As for “short skirts, panties, and hose,” it has to be said that it’s really a leotard with a skirt sewn on–nothing different from the leotards that were worn in gyms and such for years, before women started working out in pants. IIRC, such outfits (one piece leotards with skirts) are mandated in the various figure skating rulebooks–it’s been years since I last saw one, but I do recall very strict dress requirements about what could and could not be worn in competition. Pants were always forbidden.

One more thing I see on preview: the camel spin has been called that for years. I’m sure it was in use before the term “cameltoe” came to mean what it does colloquialy today.

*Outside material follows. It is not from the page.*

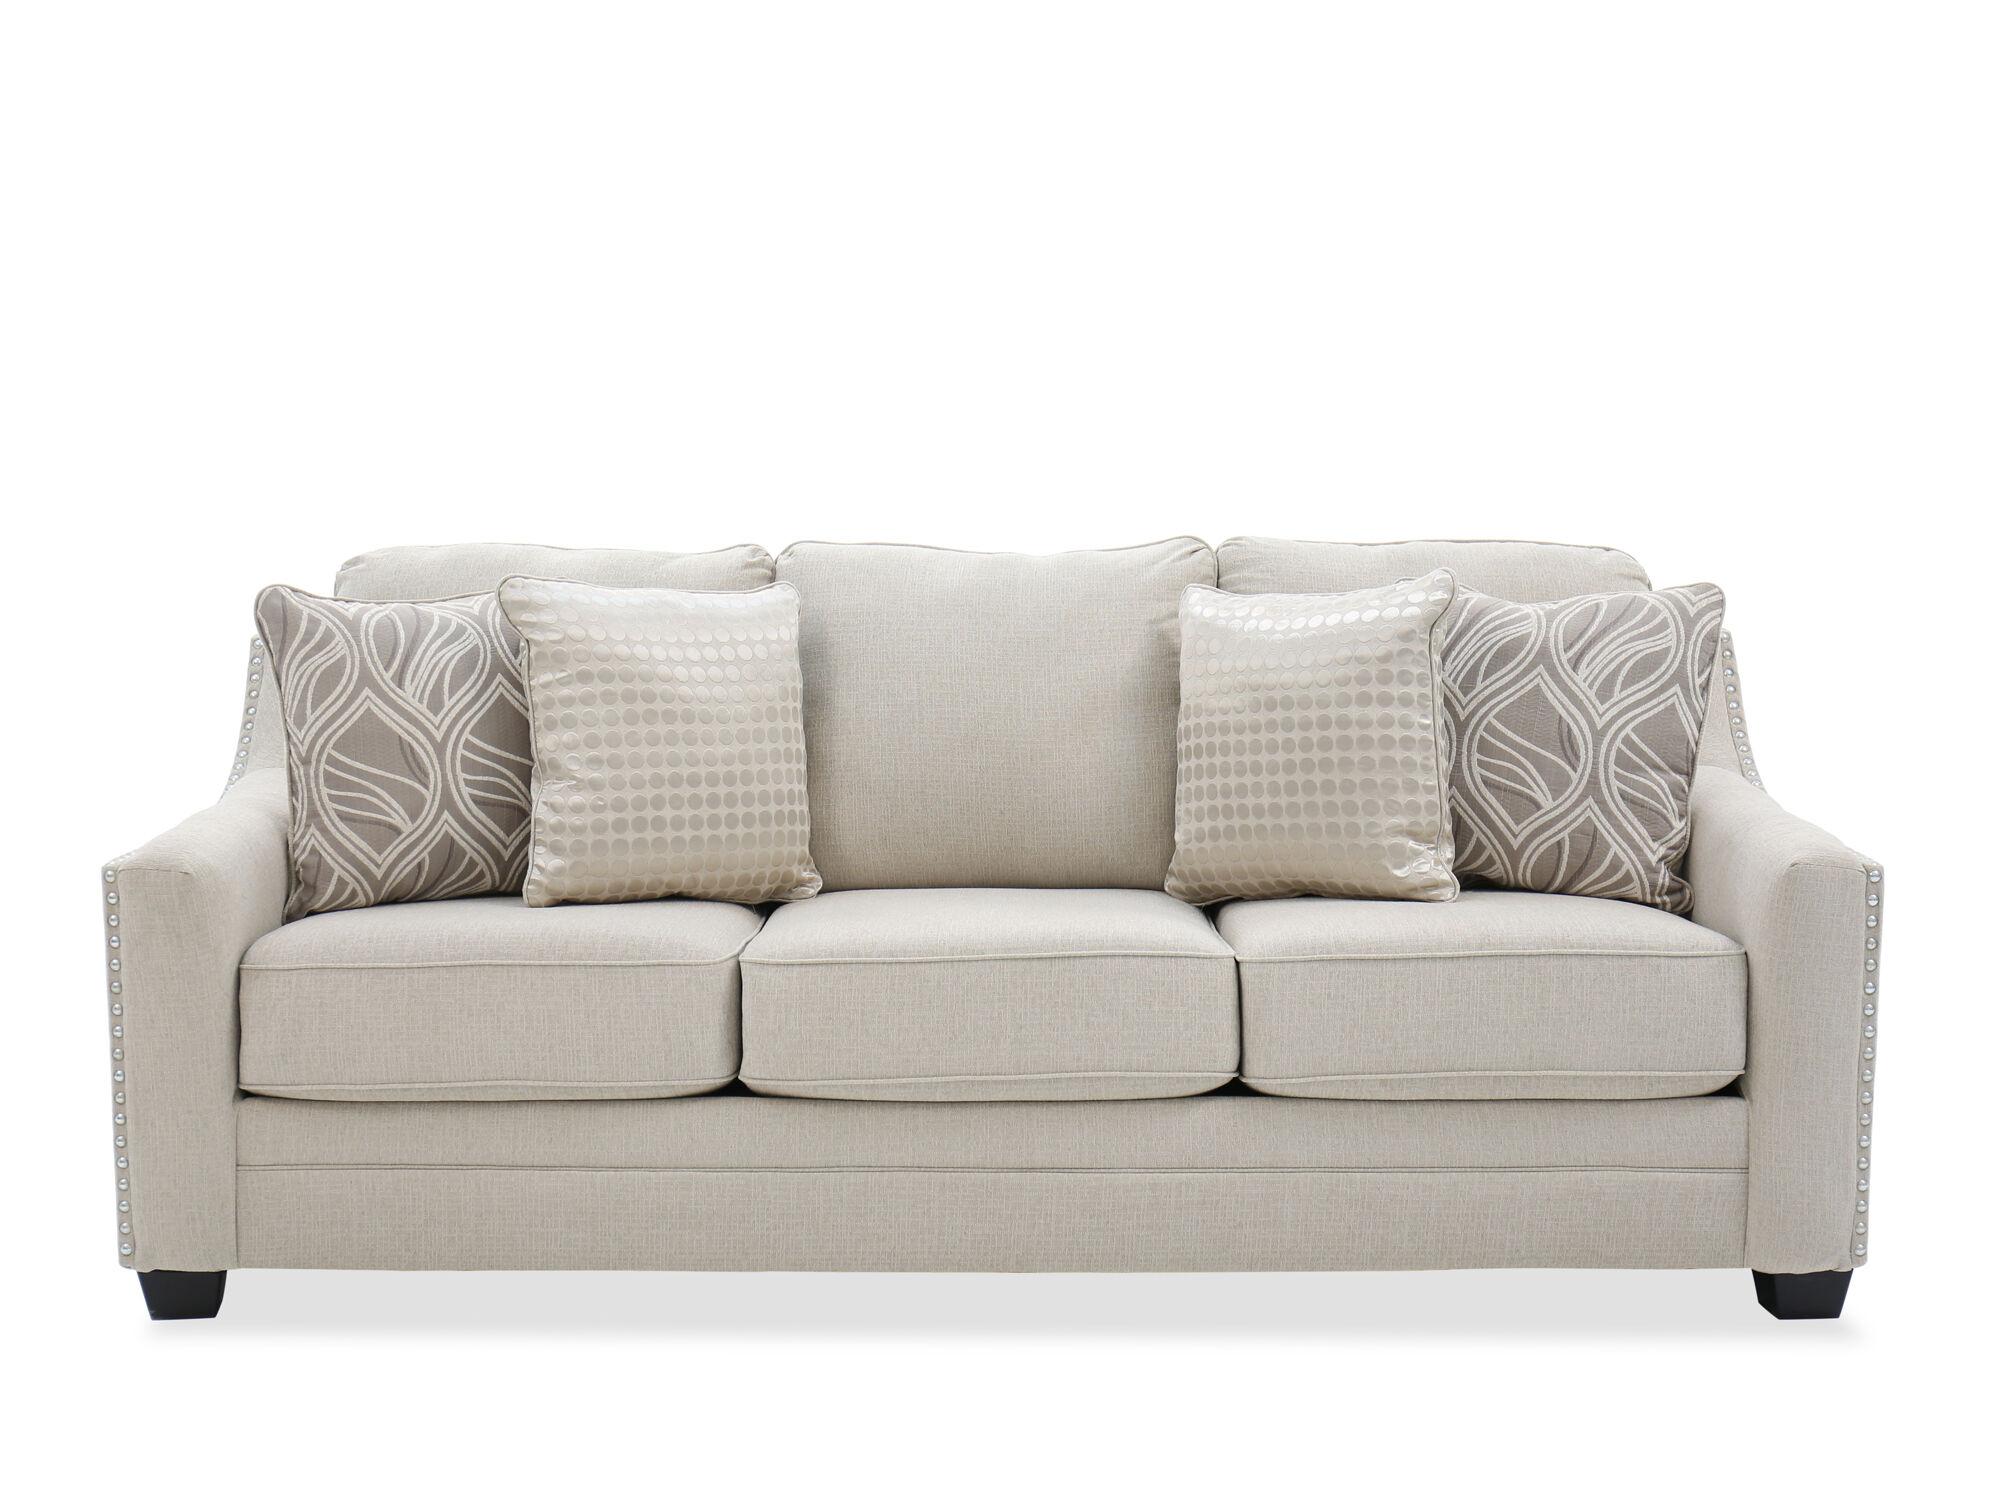 Straight Arm 92u0026quot; Sofa In Linen

So why the crotch shots? I dunno. Partly balance, I suppose–you’re going to fall and fall hard unless you spread your legs to balance. Partly because it affords a certain level of difficulty–a spin is just a spin unless you can grab your foot and lift it over your head. Partly because of the laws of physics–you’re not going to be able to do a certain move unless you spread your legs so your feet each are on an outside edge. I’m no expert, but I come from a figure skating family, and lived with this stuff for years. There really isn’t anything sexual about it, regardless of the age of the skater–as with gymnasts, it’s all about being able to move freely.

And they get women defecting from the Court Volleyball routine. I read somewhere that a fair number of women who play Court Volleyball get fed up with the overly rigid coaches and confining rules, and the last thing they do before dropping out of the sport entirely is switch over to Beach Volleyball out of desperation. They’re usually pretty happy with the much looser structure, so they stay in the sport. Defections from Beach Volleyball to Court Volleyball aren’t anywheres near as common.

That’s all you needed to say in order to defeat your own argument, really.